In a recent decision, the District Court for the Southern District of California held that despite not having direct evidence of misappropriation, a company’s lack of experience in the particular industry coupled with its behavior during business negotiations were sufficient to state a claim that a competing product misappropriated trade secrets under the Defend Trade Secrets Act (DTSA) and to defeat a motion to dismiss. Applied Biological Laboratories (ABL), a biotechnology company that researches, develops, manufacturers, and distributes healthcare products, developed an antiviral nasal technology using immunoglobulin G, a common antibody in body fluids. ABL’s antiviral nasal spray is effective against rhinoviruses and novel respiratory pathogens, such as COVID-19. With an application to the mouth and nose, the antiviral spray aids in naturally flushing pathogens and foreign particles in the digestive tract.

In 2017, ABL engaged a private equity fund manager—and its operating partner Anthony Zolezzi—to explore business opportunities. Zolezzi had no prior experience with antiviral nasal spray technology but was particularly curious in ABL’s product. To protect its confidential and proprietary information, ABL (1) had Zolezzi sign two NDAs prohibiting him from using ABL’s proprietary information for any purpose other than to evaluate its business; (2) installed a document control system and limited access to users with company-issued usernames and passwords; and (3) created a password-protected data room that housed more than 90 confidential and proprietary documents. The relationship ended unsuccessfully in 2018. Thereafter, Zolezzi became the CEO of another biotechnology company, Diomics Corporation, which also had no prior experience in the antiviral spray field. Diomics developed an antiviral nasal spray with the same technology.

ABL sued Diomics and Zolezzi for trade secret misappropriation under DTSA and unfair competition under California state law. ABL alleged that Zolezzi misappropriated more than 90 confidential and proprietary files. The files included ABL’s detailed business plans and documents disclosing ABL’s scientific testing results, experimental designs, patent applications, formulations, manufacturing processes, and marketing strategies.

Diomics moved for dismissal, but on September 7, 2021, the Court denied the motion as it related to the trade secret misappropriation claims. The court held that ABL had sufficiently pled that Zolezzi and Diomics misappropriated ABL’s trade secrets to launch a similar product – Zolezzi had no prior experience with antiviral nasal spray technology before working with ABL; Zolezzi displayed a heightened level of interest in ABL’s product during their business relationship;  and Diomics had no prior experience with antiviral nasal spray technology before hiring Zolezzi, yet the company was able to produce and commercialize a product that took ABL substantial time to manufacture. The court looked at the totality of the circumstances and held that the allegations were sufficient to state a claim under the DTSA.

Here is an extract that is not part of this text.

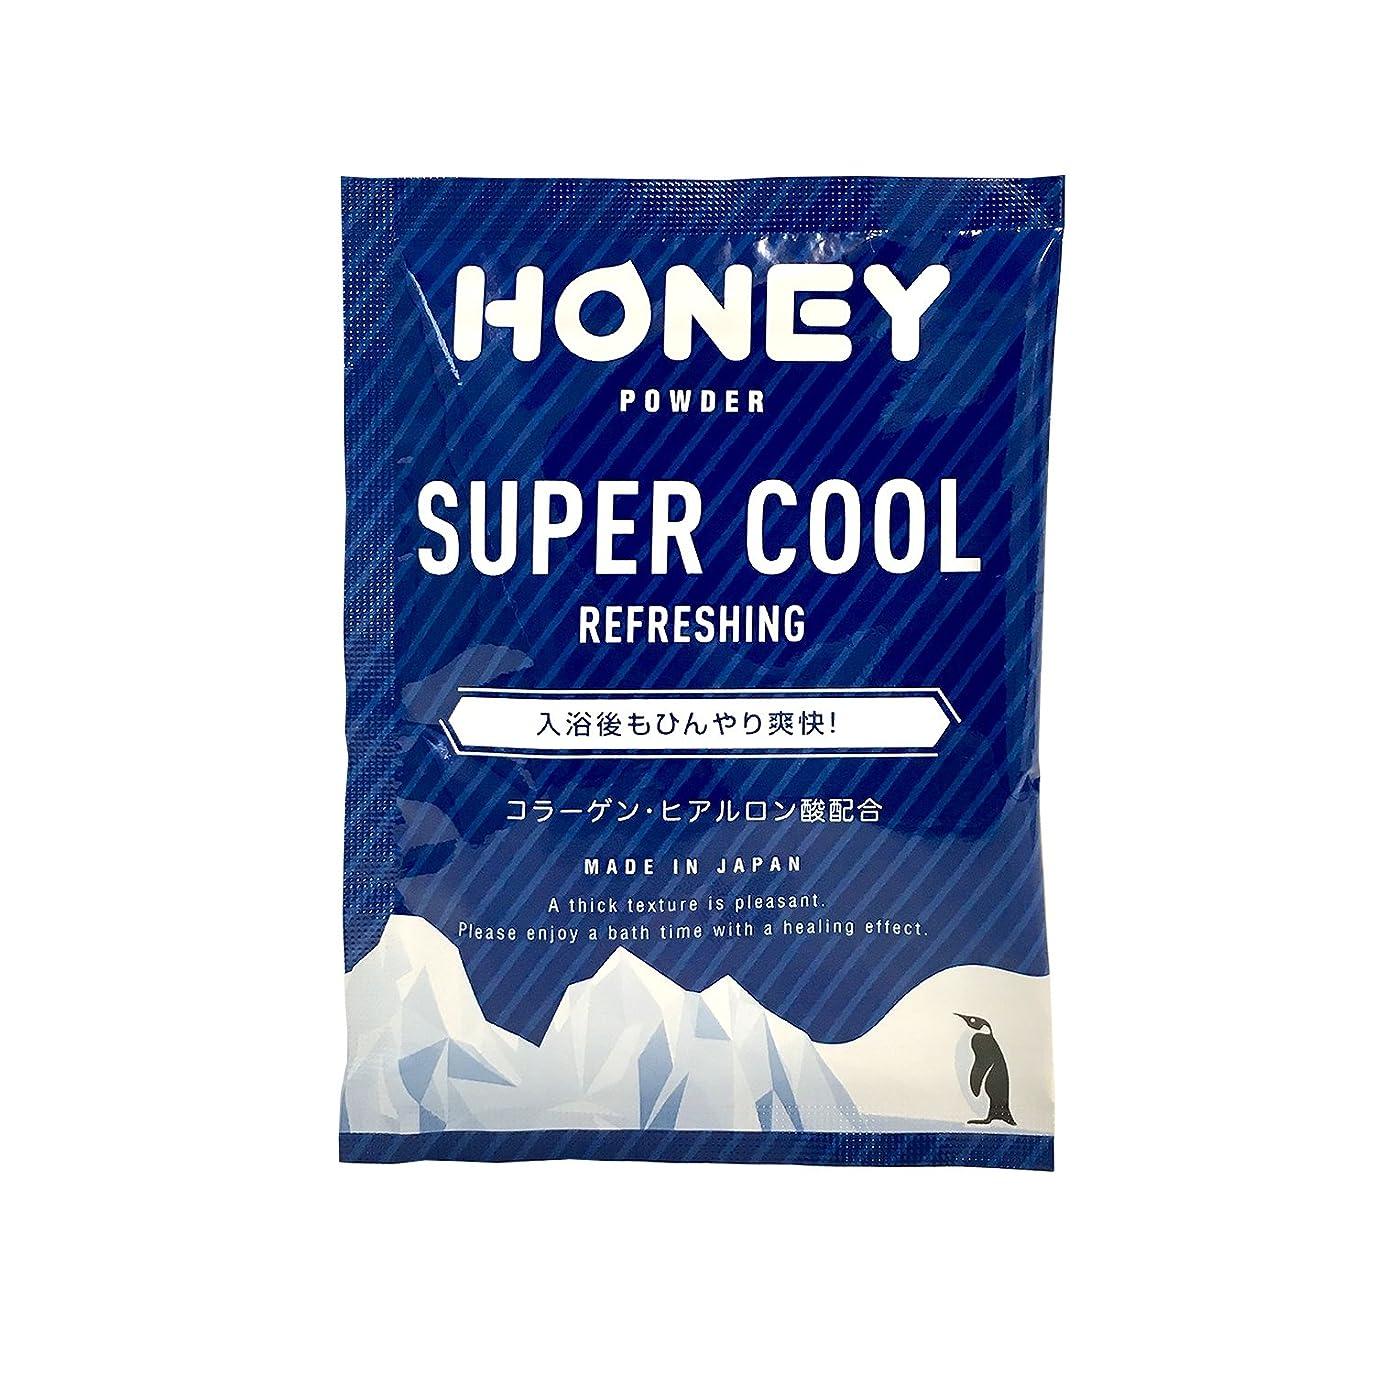 植物学者コールド毎日とろとろ入浴剤【honey powder】(ハニーパウダー) スーパークール 粉末タイプ ローション

The case stands as a reminder that many trade secret cases are viable despite the absence of direct, unambiguous evidence of misappropriation. It is also a reminder that given the complexities of business collaborations and the potential exposure of confidential or proprietary information to business partners, trade secret holders need to understand their trade secrets and must tailor its protections to fit them.

The case is Applied Biological Laboratories, Inc. v. Diomics Corporation, et al, 20CV2500 AJB LL/ (S.D. Cal.).